------ STORED DATA ------

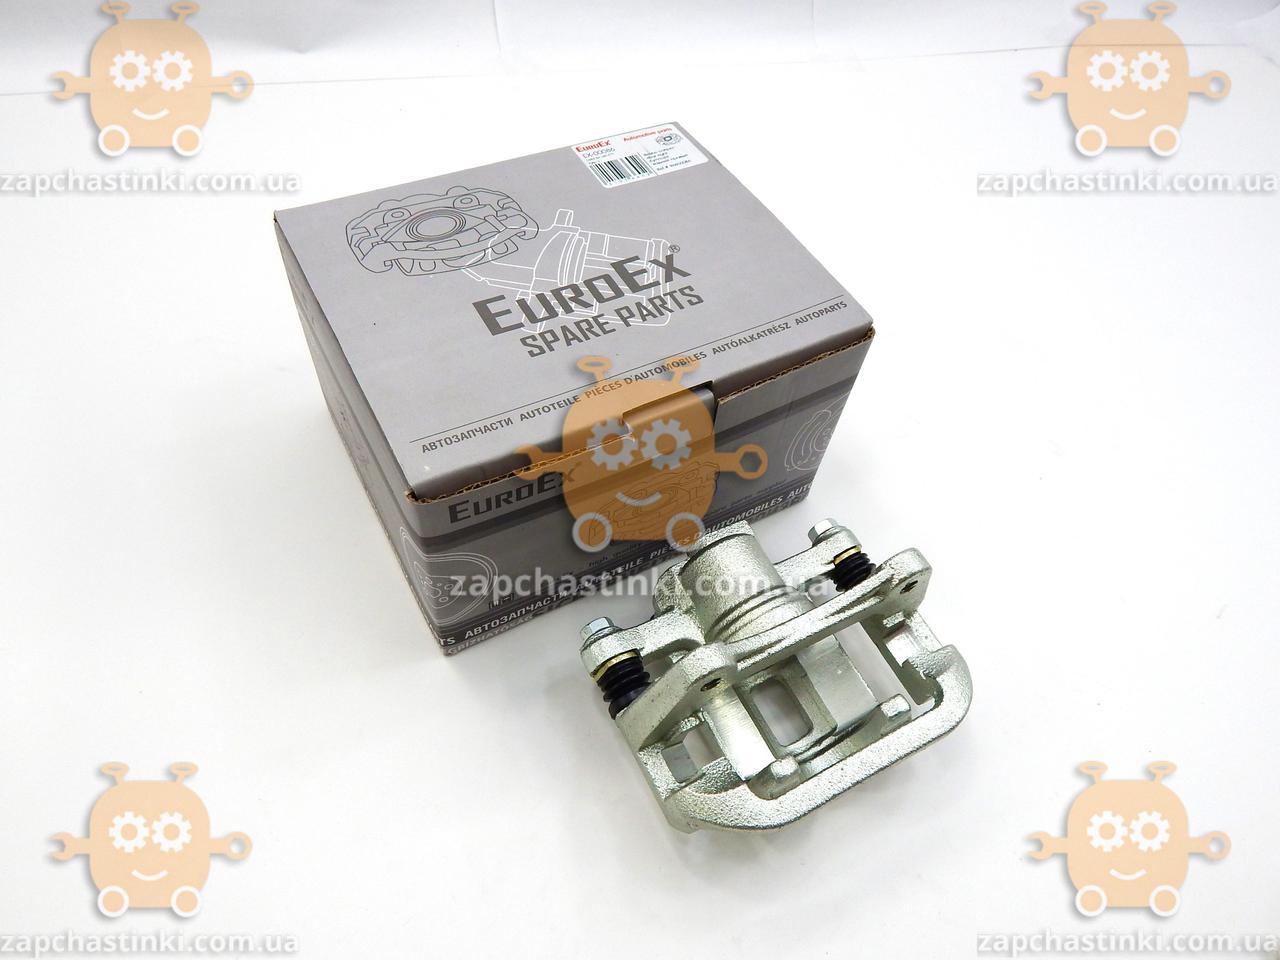 Суппорт CHEVROLET LACETTI задний правый (пр-во EuroEx Венгрия) EE 107660
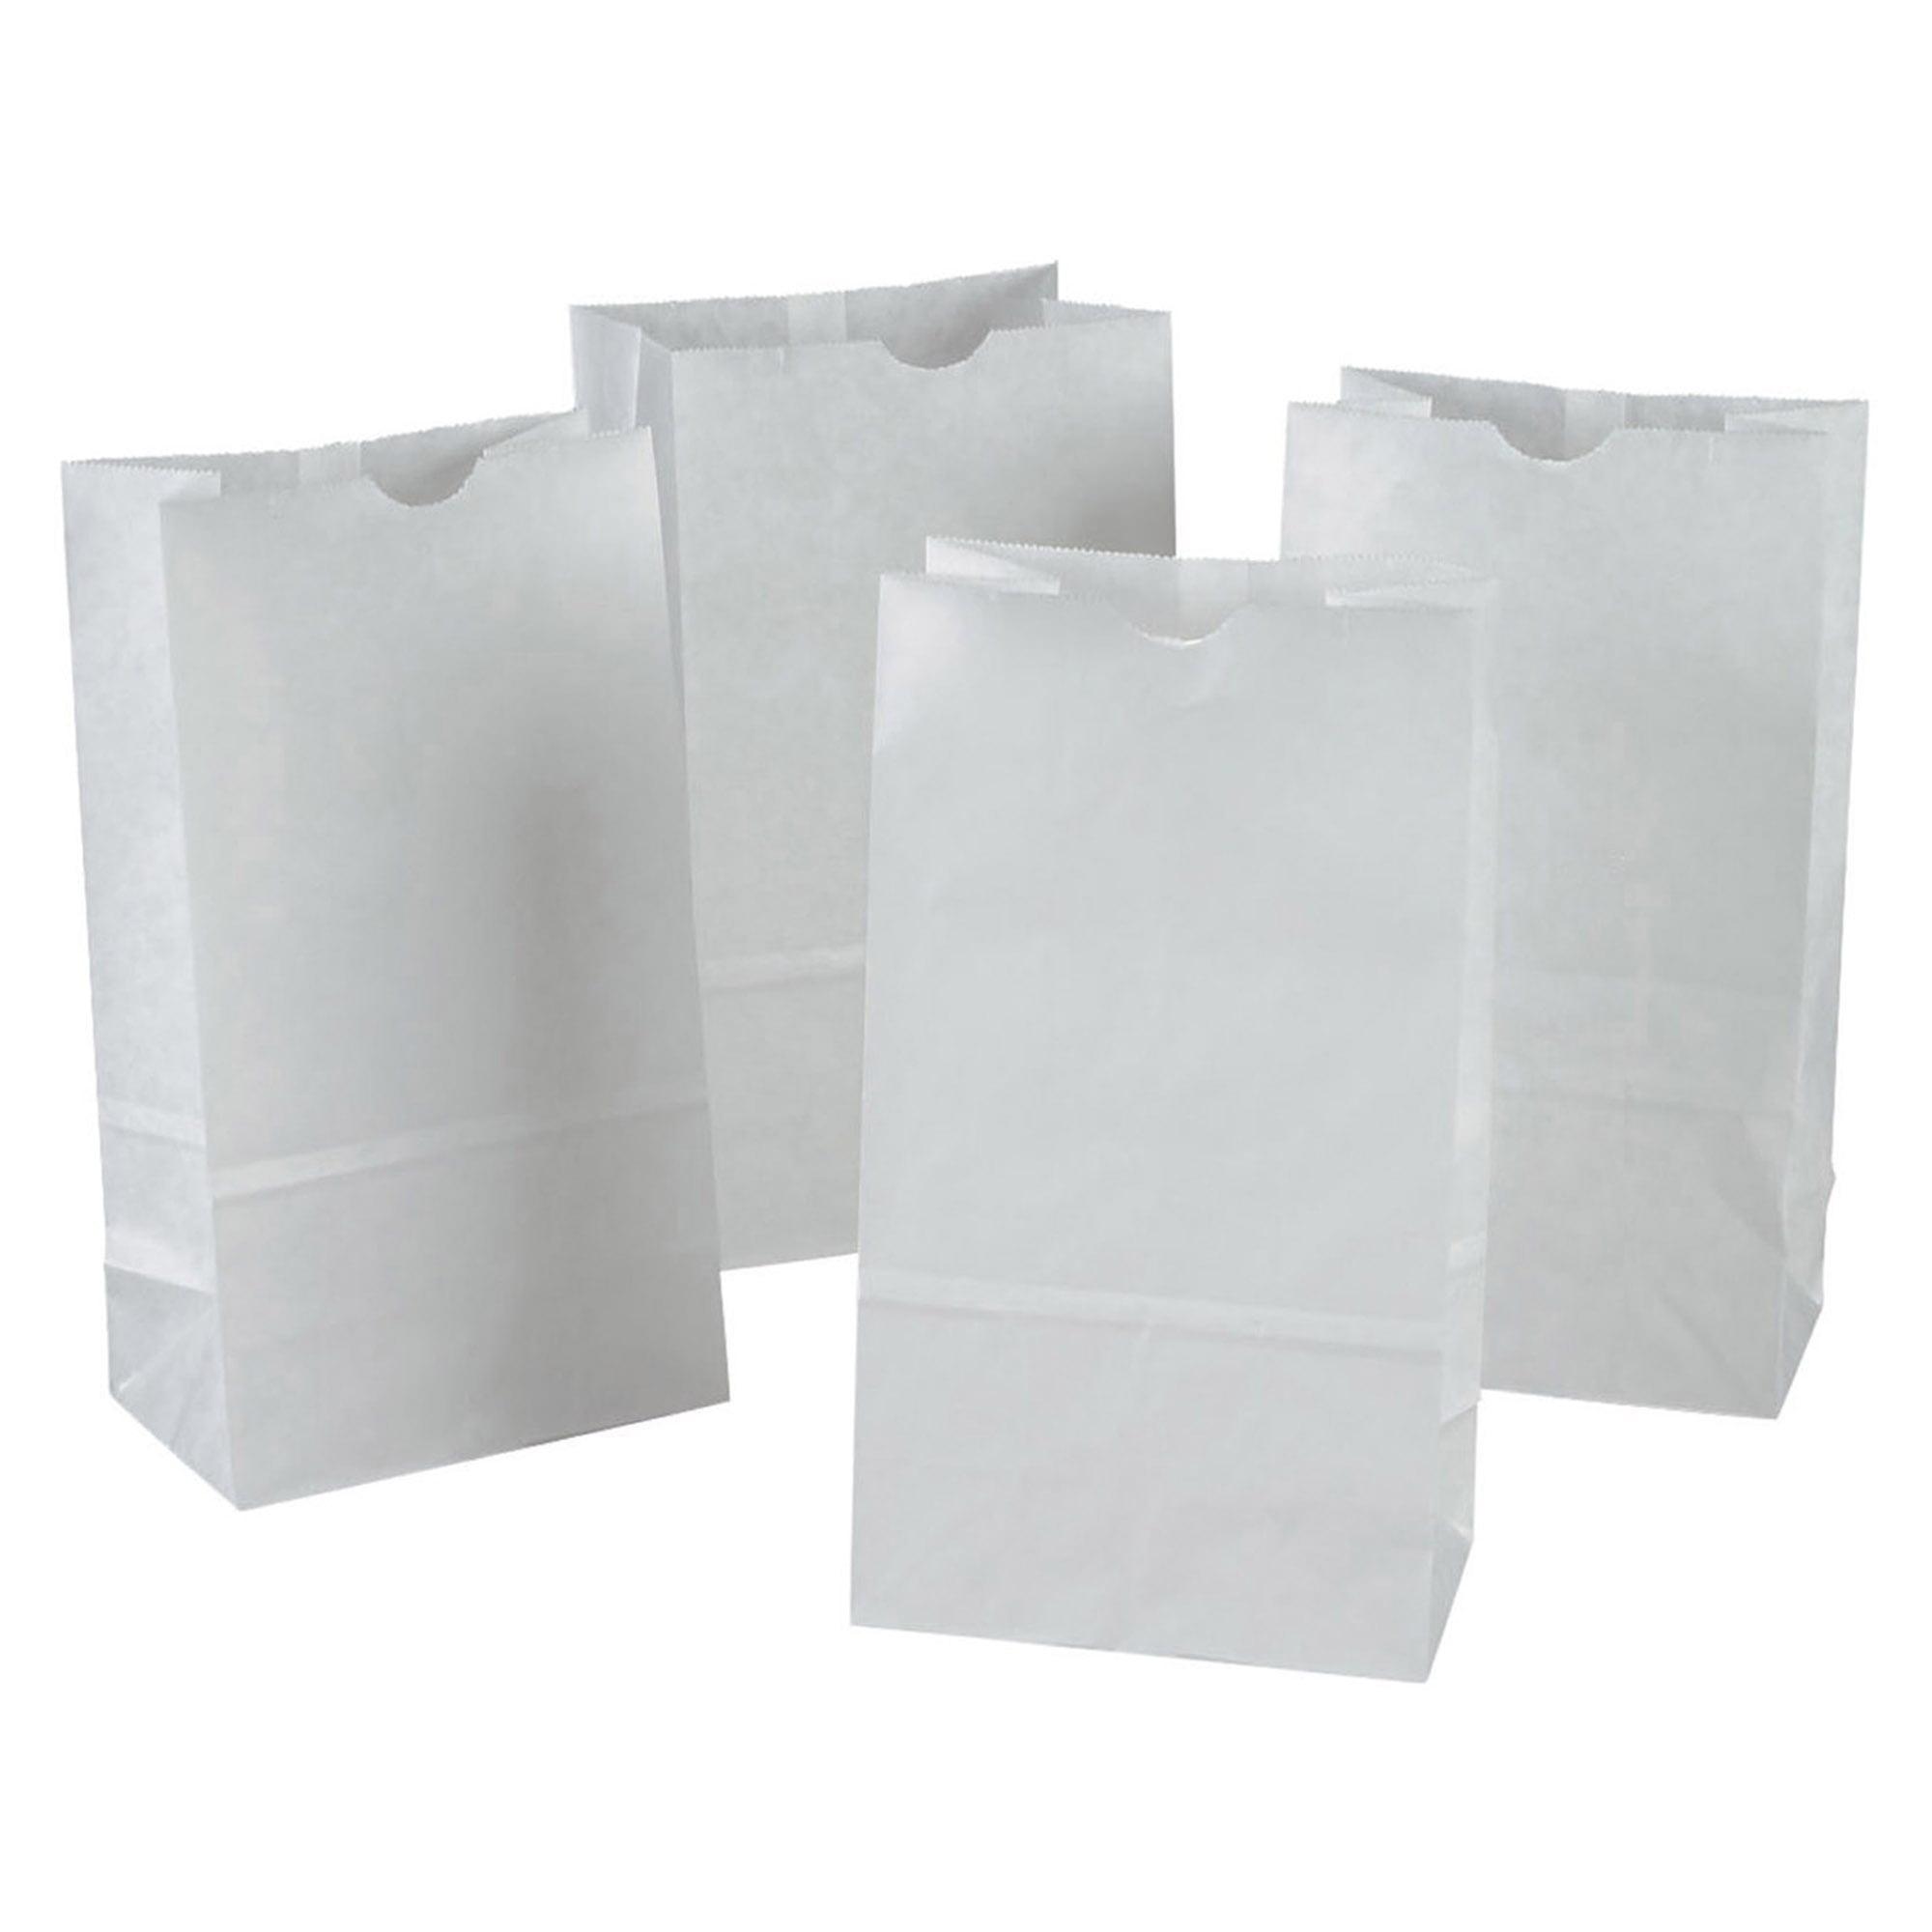 "Pacon® Rainbow® Kraft Paper Bags, 6"" x 11"", White, Pack of 100"
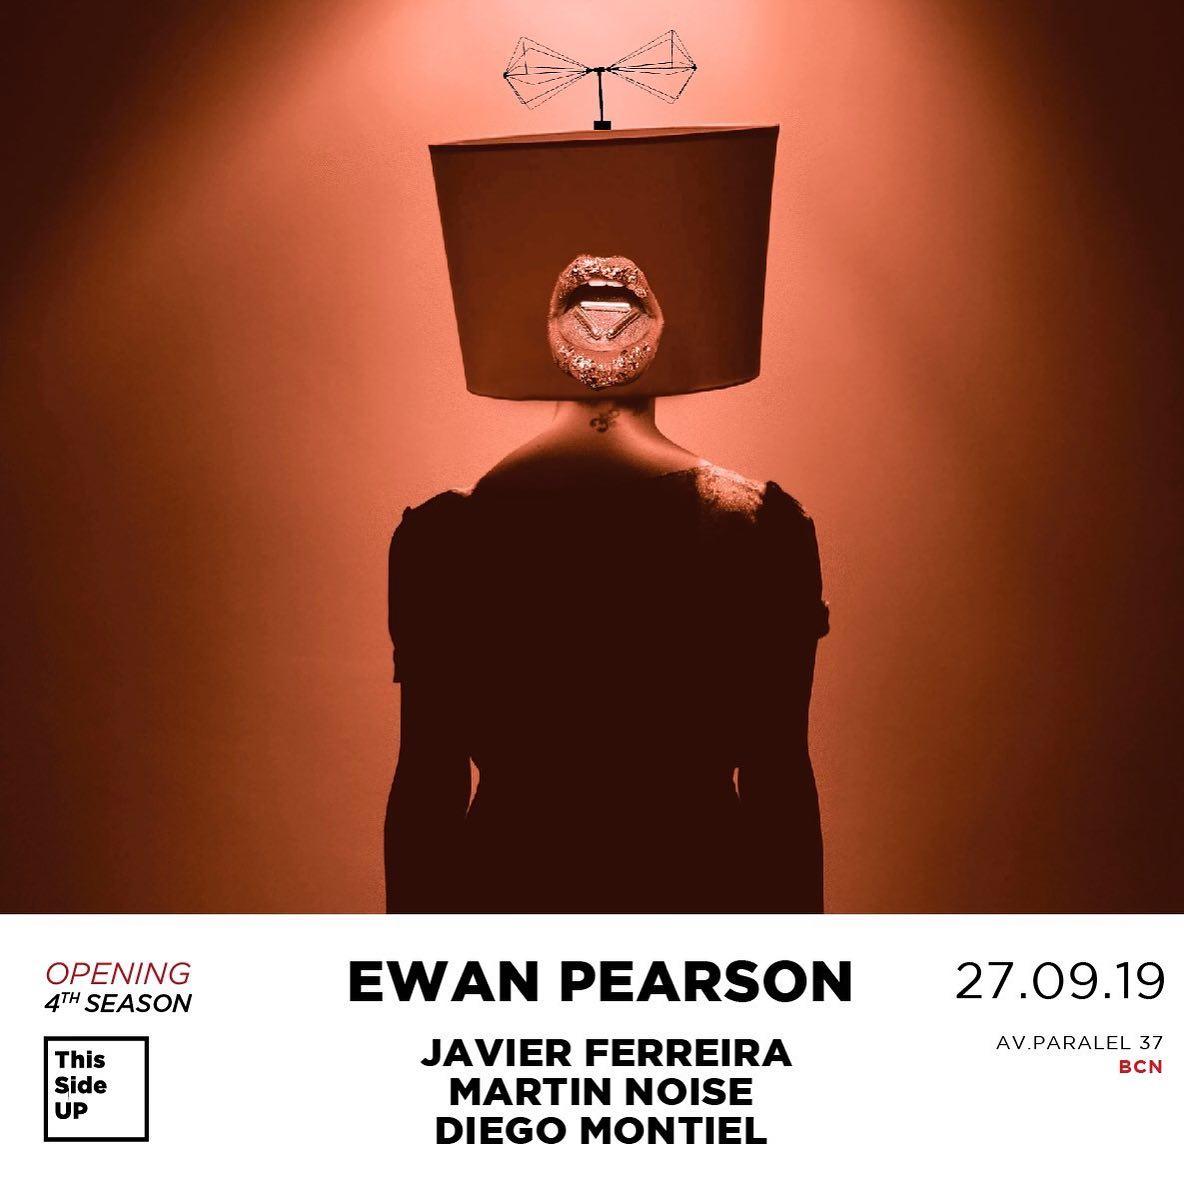 This Side UP - 4th Season Opening - w/ Ewan Pearson

------

**PROBLEM**
Reproduce the lines of the listing exactly, starting at the one that contains "Rainbow® Kraft Paper" and continuing through the final line, but leave out the pictures.

**OUTPUT**
 "Pacon® Rainbow® Kraft Paper Bags, 6"" x 11"", White, Pack of 100"
 This Side UP - 4th Season Opening - w/ Ewan Pearson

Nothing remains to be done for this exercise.